┏━━
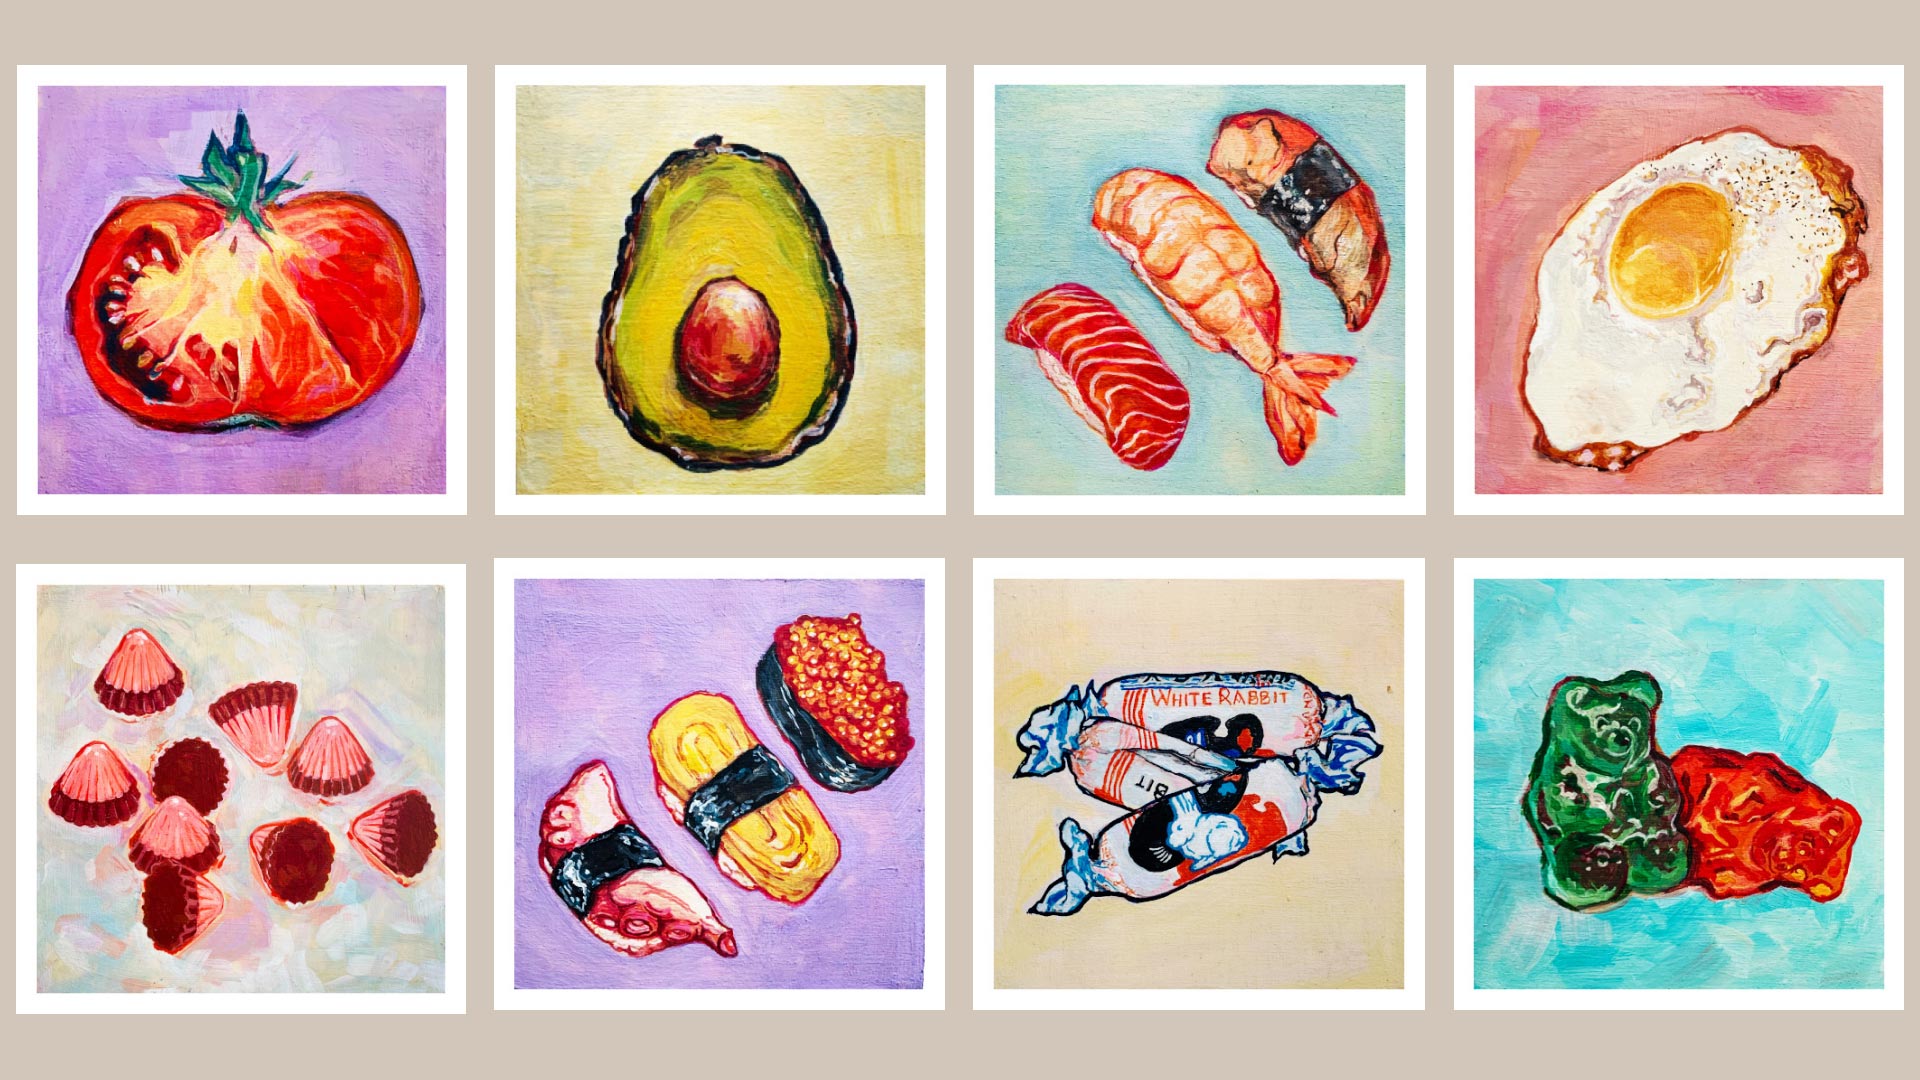 Square paintings of a half-cut tomato, a half-cut avocado, gummy bears, chocolates, two sets of nigiri, rabbit candies and a fried egg.
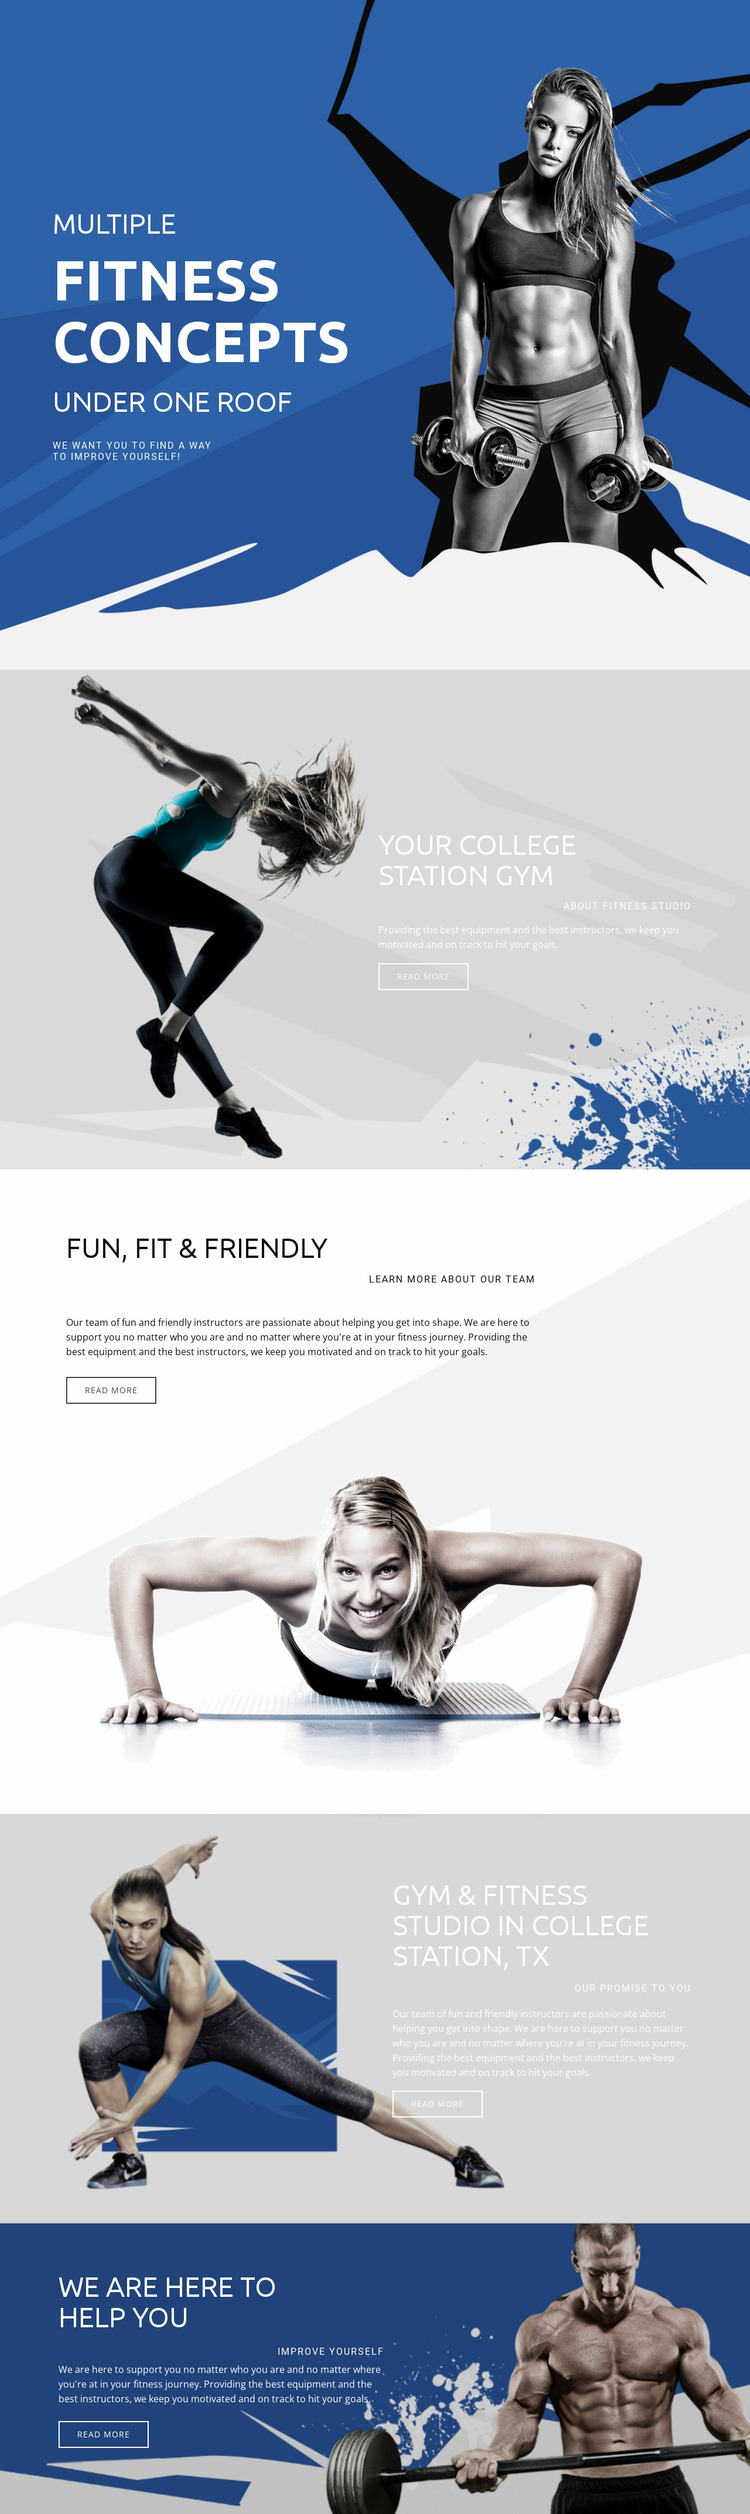 Best fitness and sports Website Mockup
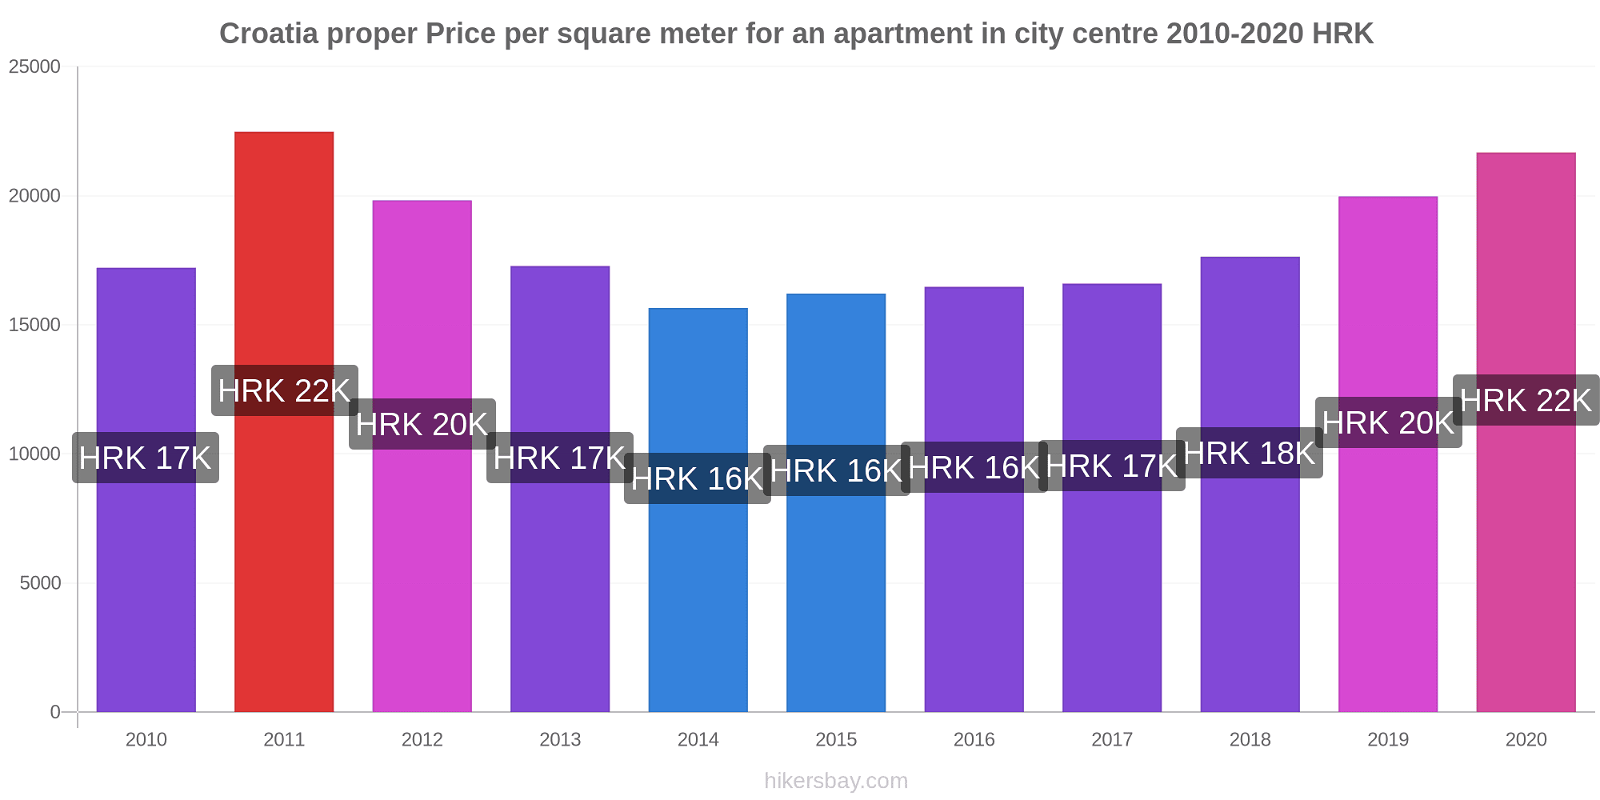 Croatia proper price changes Price per square meter for an apartment in city centre hikersbay.com
┗━━
### EXERCISE
Would you return the material above exactly, apart from its pictures?

### EXERCISE OUTPUT
 Square paintings of a half-cut tomato, a half-cut avocado, gummy bears, chocolates, two sets of nigiri, rabbit candies and a fried egg.
 Best fitness and sports Website Mockup
 Croatia proper price changes Price per square meter for an apartment in city centre hikersbay.com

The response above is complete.